2009 – 2018: New writings from the four corners of the Earth
2009: New festival director Javier Packer-Comyn expands the programme, offering a clever mix of loyalty to the festival’s fundamentals, a look back at the history of the documentary genre and openness to more experimental forms. The competition bears witness to the evolution of documentary cinema and its inspirations in the visual arts.
2010: Creation of a “First films” section (previously undifferentiated) which introduces us to Mati Diop and Dieudo Hamadi that year, among others.
2012: Creation of a new section : “Arrested Cinema”, cinema banned by repressive powers, starting with Syria. The Grand Prix goes to Autrement la Molussie by Nicolas Rey, an experimental film shot on out-of-date 16 mm film, with the order of projection of the reels arbitrarily fixed for each screening.
2013: 35th festival. Arrival of a new artistic director, Maria Bonsanti, from Florence’s Festival dei Popoli.
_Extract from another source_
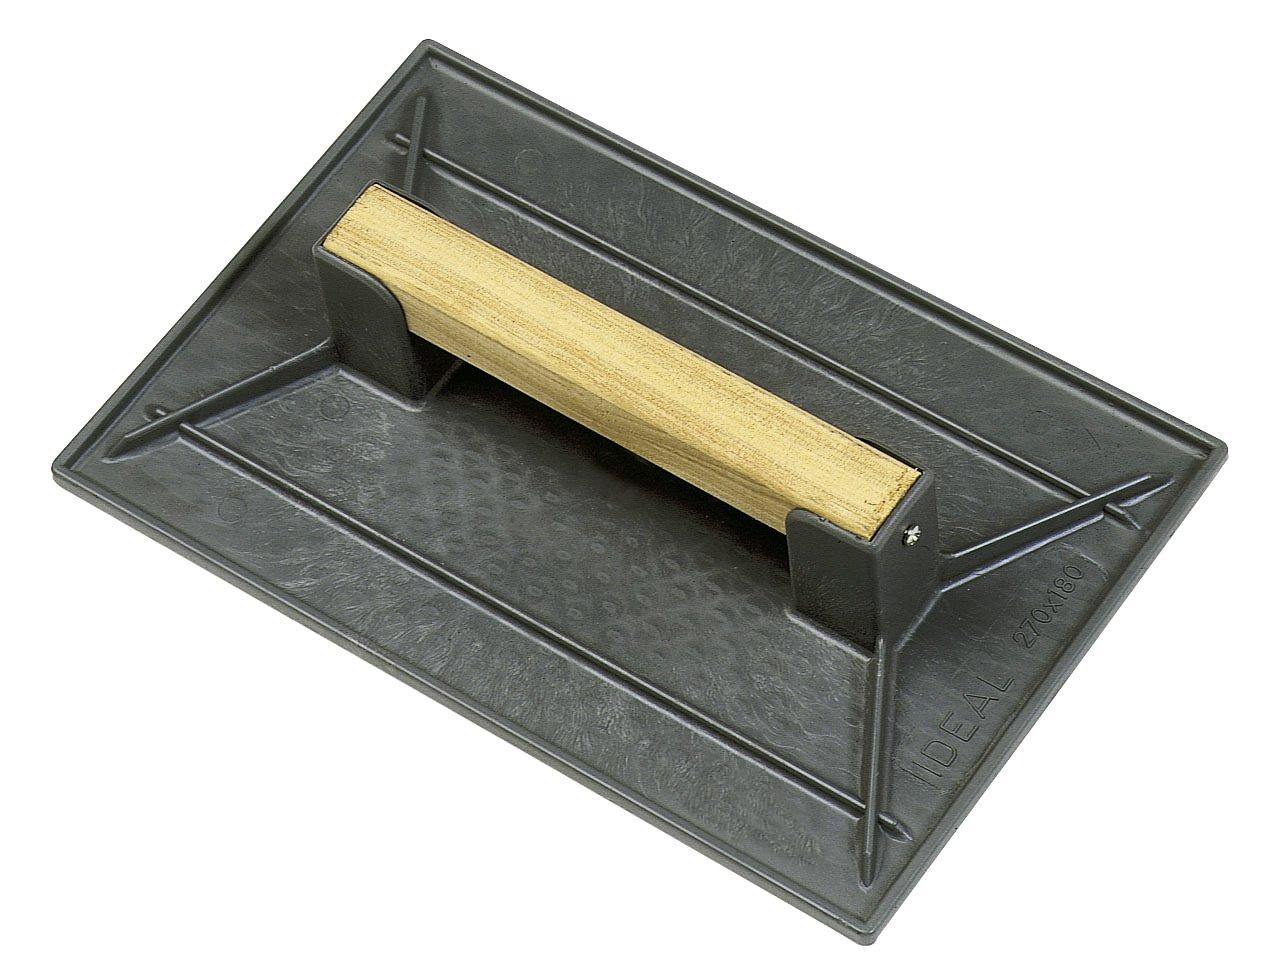 Cogex 48040 Plastering Trowel with Wooden Handle

2014: Creation of ParisDOC, the festival’s professional section : expanded conferences around film distribution, with two days of “Work in Progress” screenings in particular, strictly for professionals.
2016: The Centre National des Arts Plastiques becomes a partner of the festival. It provides additional grants for the Joris Ivens Award, created on the initiative of Marceline Loridan and Capi Films, and awarded to a first film.
2018: 40th edition. The Bpi and Les Amis du Cinéma du réel call on a new artistic director, Andrea Picard, programmer of the most avant-garde section of the Toronto International Film Festival (TIFF). The Grand Prix goes to radical American filmmaker James Benning for L. Cohen, a long still-shot of an Oregon desert landscape.